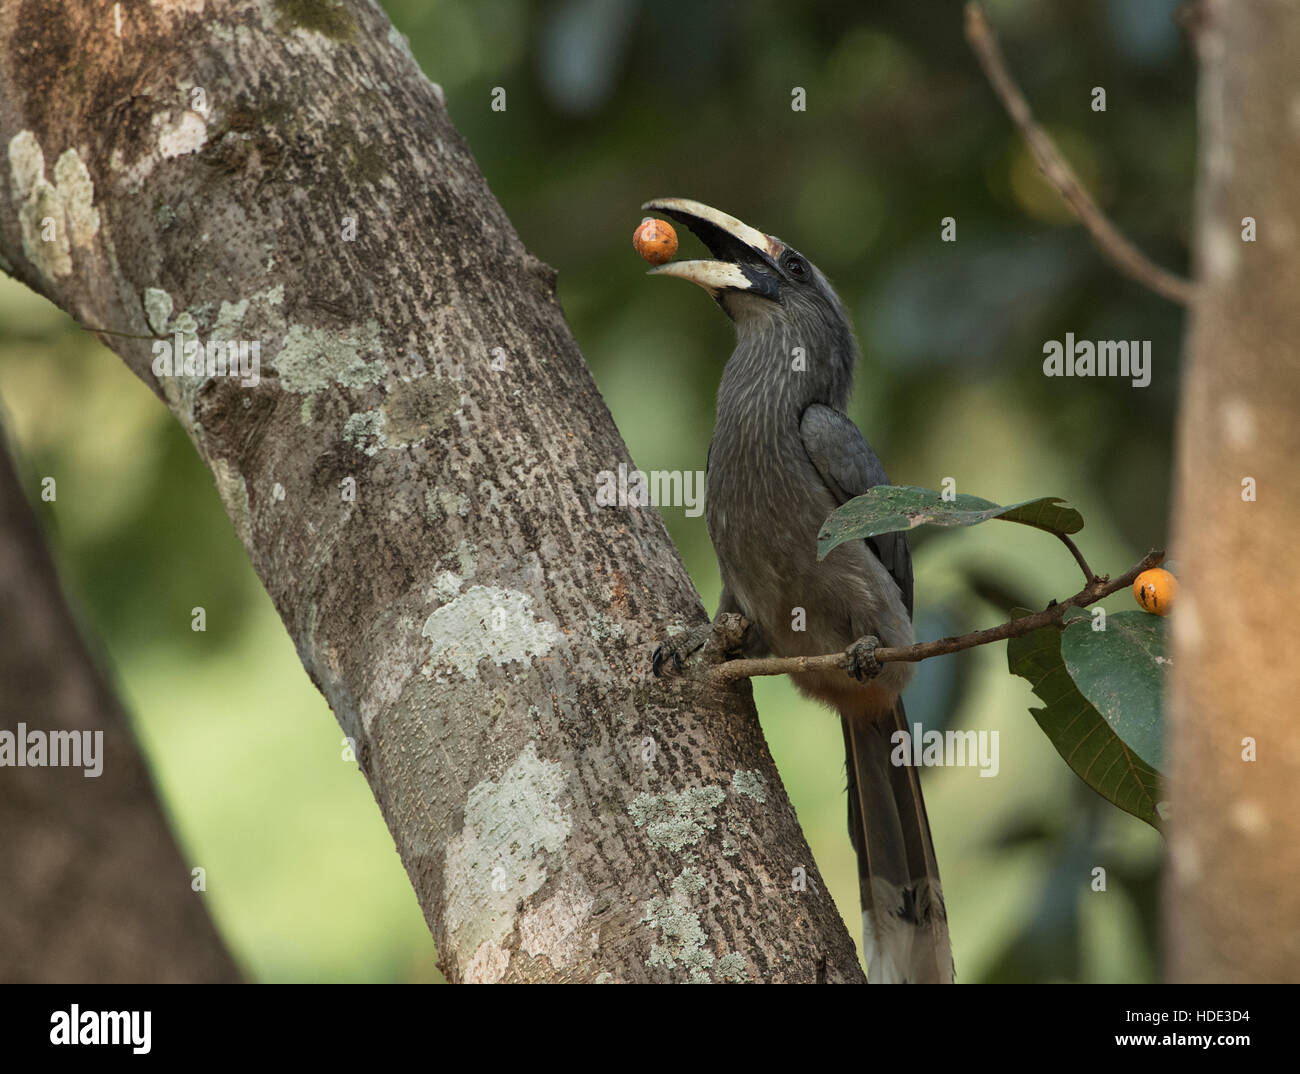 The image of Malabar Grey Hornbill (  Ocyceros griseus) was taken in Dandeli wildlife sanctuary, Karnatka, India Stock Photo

--

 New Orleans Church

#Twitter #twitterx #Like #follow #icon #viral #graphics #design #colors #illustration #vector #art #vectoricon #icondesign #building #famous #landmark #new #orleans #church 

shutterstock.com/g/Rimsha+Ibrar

_TASK INSTRUCTIONS_.
Please give again the lines above between the line holding "#Twitter #twitterx #Like" and the line holding "shutterstock.com/g/Rimsha+Ibrar", inclusive, exactly as they are and with nothing added.

_RESPONSE FOR THIS EXERCISE_.
#Twitter #twitterx #Like #follow #icon #viral #graphics #design #colors #illustration #vector #art #vectoricon #icondesign #building #famous #landmark #new #orleans #church 

shutterstock.com/g/Rimsha+Ibrar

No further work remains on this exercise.